Hope that helps. Thanks!

I encountered a similar issue caused by having NOMAD_ADDR set in the environment that nomad agent was run in. That var apparently went through to the Nomad API client that consul-template uses, and caused it to fail its API calls (in my case, for HTTP vs. HTTPS reasons) for the nomadService lookup.

My errors happened very consistently, so different I think from this case, but wanted to mention here for anyone else who finds this issue like I did. My solution was to ensure NOMAD_ADDR is not set in my nomad agent environment.

This is happening occasionally to me as well (Nomad 1.5.3). It doesn't seem to be consistent as to which service or which host the service disappears from.
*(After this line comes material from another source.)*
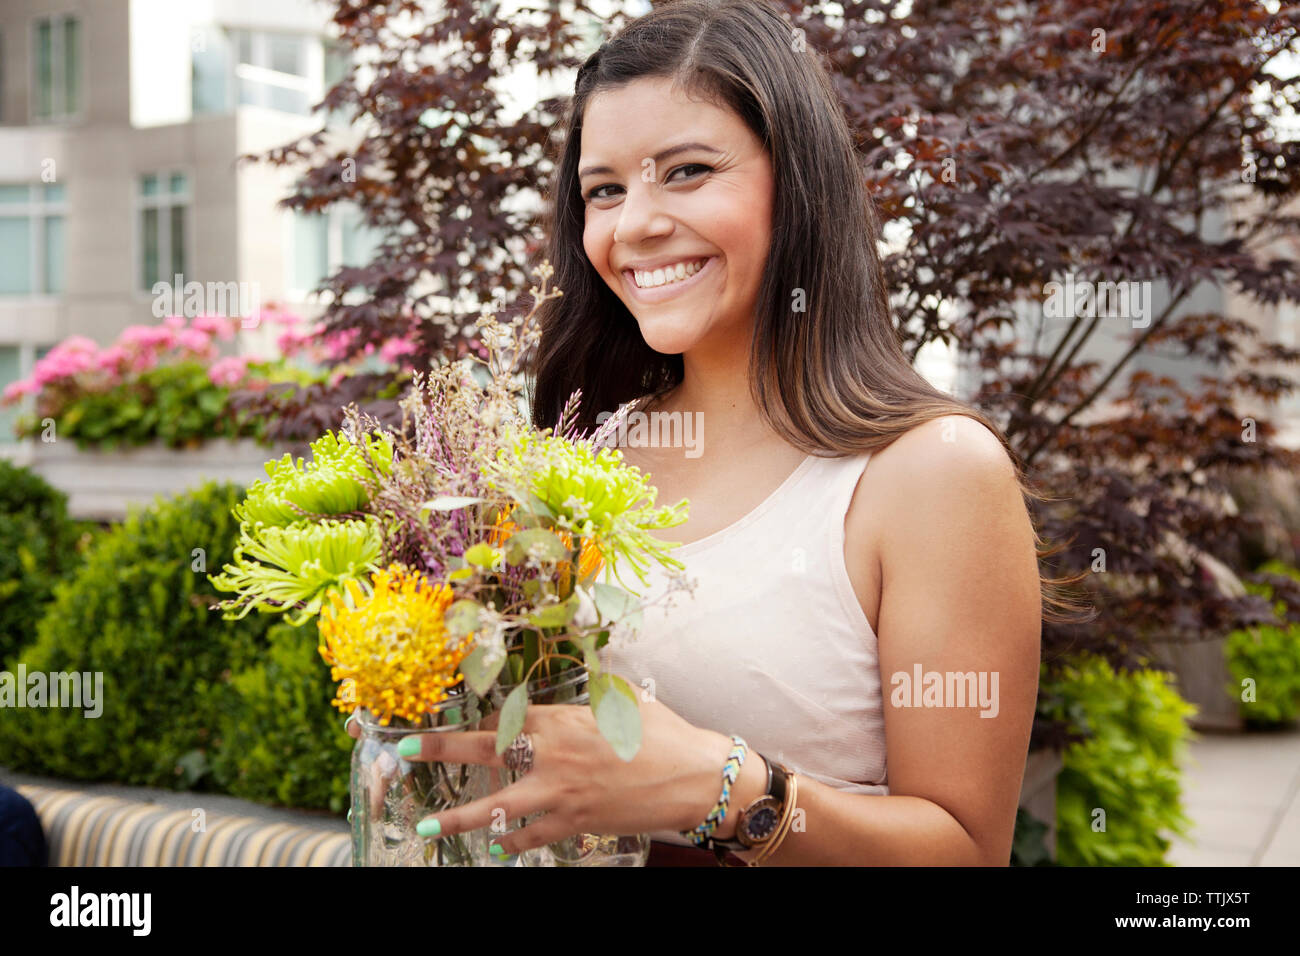 Smiling woman holding flowers jar while standing against plants Stock Photo

To add another odd detail rather than just bumping, the service shows up in the UI, however it does not show on any of the nodes via the CLI.

Restarting the allocation seems to resolve the issue and force Nomad to re-register the service.

Unfortunately, this time it was my log aggregator that disappeared, so I don't have an easy way to pull logs from around the time of the issue. I'll try to grab them the next time it happens to a different service.

This issue still consistently happens for us every 2-3 days. I can observe exactly the same as @IamTheFij however we run nomad 1.6.3.

This is happening occasionally to me as well (Nomad 1.5.3). It doesn't seem to be consistent as to which service or which host the service disappears from.

To add another odd detail rather than just bumping, the service shows up in the UI, however it does not show on any of the nodes via the CLI.

I have observed same issue for nomad 1.7.3 to 1.7.7

I observer the same problem in v1.8.1

seeing same problem, services are clearly visible on Nomad UI, but cannot be used by templating.

Nomad 1.7.7 (multi-region, multi-dc and ACL enabled)

(Consul-based service templating works fine and reliable, as opposed to Nomad-based services)

Yet another example in nomad 1.8.1, it's just happening randomly among my services. Because i have traefik parsing the nomad services, they just disappear from traefik and are thus inaccessible. After rock-solid running for years, now the nomad deployments are just unreliable... :(

Service are up, healthy and reachable on the given ports...